The KernelBuilder abstracts away low-level details of instruction packing and scratch space management, letting you focus on algorithm implementation.

Class Structure

perf_takehome.py:40-46
class KernelBuilder:
    def __init__(self):
        self.instrs = []           # Generated instruction list
        self.scratch = {}          # Name -> address mapping
        self.scratch_debug = {}    # Debug information
        self.scratch_ptr = 0       # Current allocation pointer
        self.const_map = {}        # Constant value cache

Key Methods

Converts a list of engine/slot tuples into instruction bundles.
perf_takehome.py:51-56
def build(self, slots: list[tuple[Engine, tuple]], vliw: bool = False):
    # Simple slot packing that just uses one slot per instruction bundle
    instrs = []
    for engine, slot in slots:
        instrs.append({engine: [slot]})
    return instrs
Parameters:
  • slots - List of (engine, slot_tuple) pairs
  • vliw - Enable VLIW packing (baseline uses False)
Returns: List of instruction dictionaries
The baseline implementation generates one instruction per bundle.
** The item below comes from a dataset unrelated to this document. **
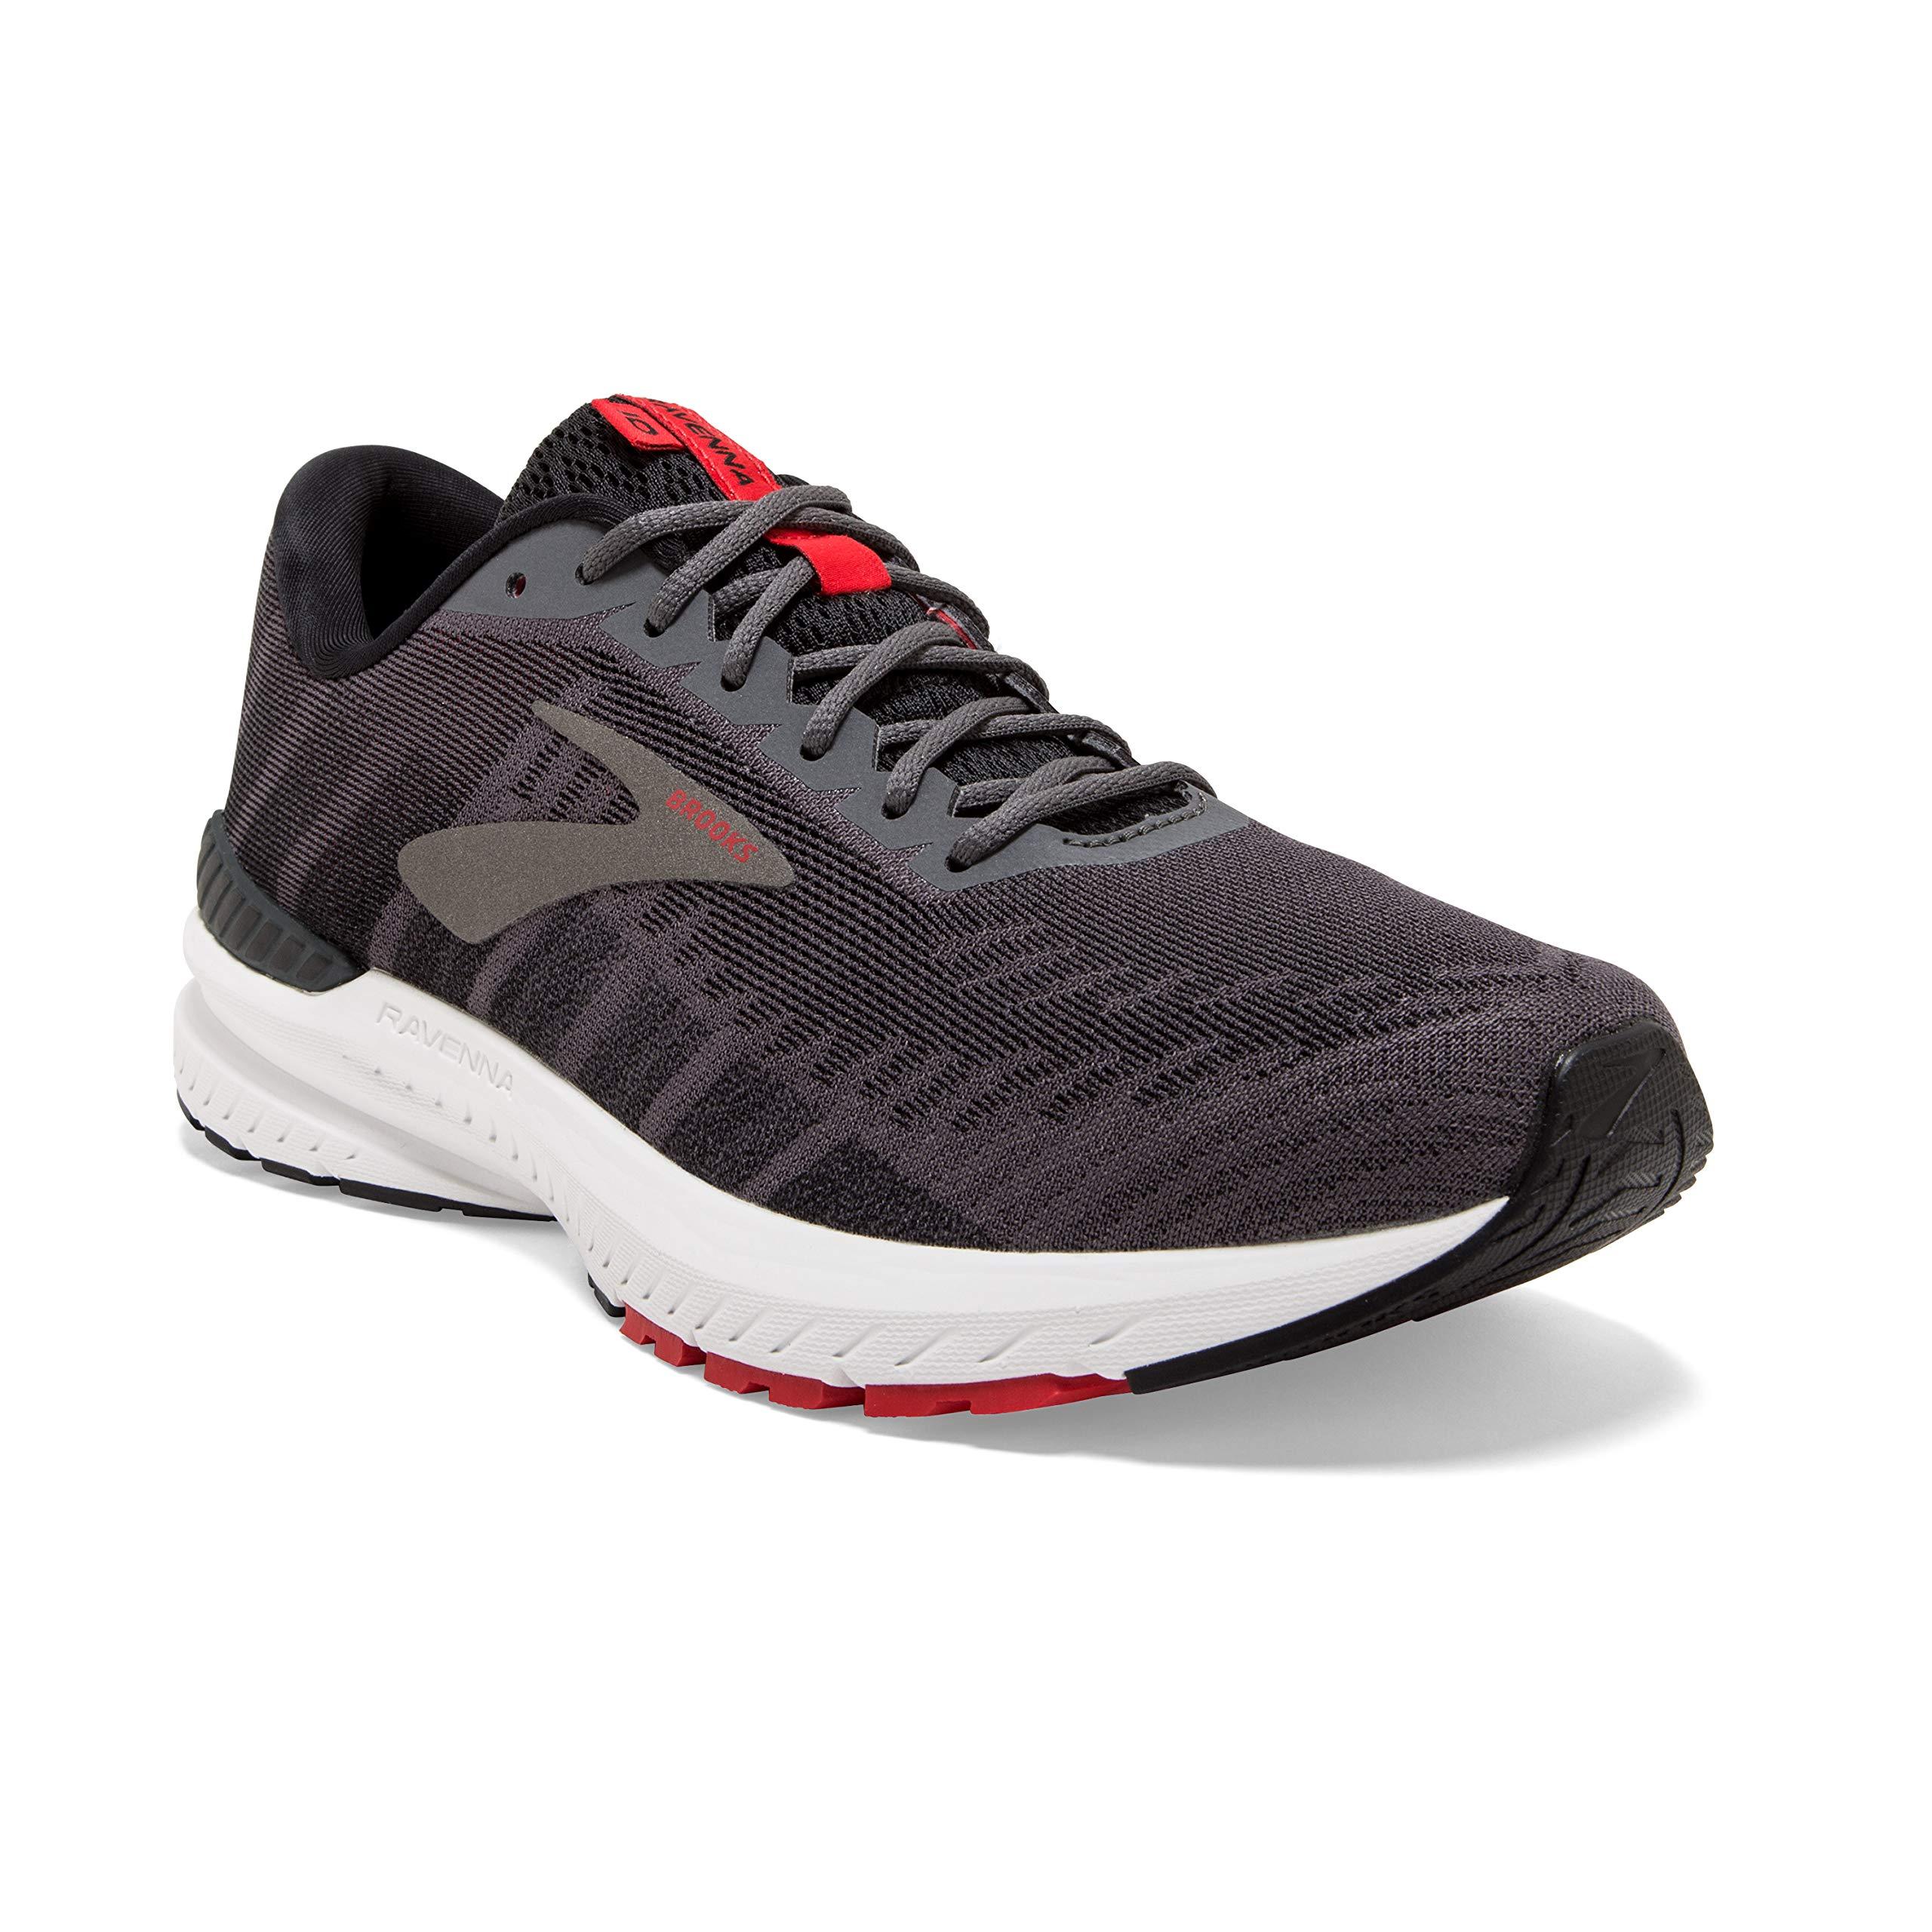 Brooks Mens Ravenna 10 Running Shoe - Ebony/Black/Red - D - 11.0 by Brooks

Optimization opportunity: pack multiple independent operations into single bundles to exploit VLIW parallelism.
Adds a single instruction bundle to the program.
perf_takehome.py:58-59
def add(self, engine, slot):
    self.instrs.append({engine: [slot]})
Usage Example:
kb.add("load", ("const", tmp1, 42))
kb.add("alu", ("+", result, tmp1, tmp2))
Allocates contiguous scratch space for variables or vectors.
perf_takehome.py:61-68
def alloc_scratch(self, name=None, length=1):
    addr = self.scratch_ptr
    if name is not None:
        self.scratch[name] = addr
        self.scratch_debug[addr] = (name, length)
    self.scratch_ptr += length
    assert self.scratch_ptr <= SCRATCH_SIZE, "Out of scratch space"
    return addr
Parameters:
  • name - Optional variable name for debugging
  • length - Number of 32-bit words to allocate
Returns: Starting address of allocated region
Scratch space is limited to 1536 words total. Plan your allocations carefully.
Loads a constant into scratch space, reusing existing constants.
perf_takehome.py:70-75
def scratch_const(self, val, name=None):
    if val not in self.const_map:
        addr = self.alloc_scratch(name)
        self.add("load", ("const", addr, val))
        self.const_map[val] = addr
    return self.const_map[val]
Why use this: Automatically deduplicates constants to save scratch space and load instructions.Example:
zero = self.scratch_const(0, "zero")
one = self.scratch_const(1, "one")
# Second call returns cached address
another_zero = self.scratch_const(0)  # Same address as first zero

The build_kernel() Entry Point

Your main optimization target:
perf_takehome.py:88-94
def build_kernel(
    self, forest_height: int, n_nodes: int, batch_size: int, rounds: int
):
    """
    Like reference_kernel2 but building actual instructions.
    Scalar implementation using only scalar ALU and load/store.
    """
Signature:
  • forest_height - Height of the binary tree
  • n_nodes - Total nodes in the tree (2^(height+1) - 1)
  • batch_size - Number of parallel inputs to process
  • rounds - Number of tree traversal iterations

Your Goal

Rewrite this method to generate optimized instructions that minimize cycle count while maintaining correctness.

Scratch Space Management

The baseline kernel allocates scratch variables systematically:
perf_takehome.py:95-109
# Temporary registers
tmp1 = self.alloc_scratch("tmp1")
tmp2 = self.alloc_scratch("tmp2")
tmp3 = self.alloc_scratch("tmp3")

# Input parameter storage
init_vars = [
    "rounds", "n_nodes", "batch_size", "forest_height",
    "forest_values_p", "inp_indices_p", "inp_values_p"
]
for v in init_vars:
    self.alloc_scratch(v, 1)

# Load parameters from memory header
for i, v in enumerate(init_vars):
    self.add("load", ("const", tmp1, i))
    self.add("load", ("load", self.scratch[v], tmp1))
For SIMD optimization, allocate vector-sized scratch regions (length=8) and use vload/vstore instructions.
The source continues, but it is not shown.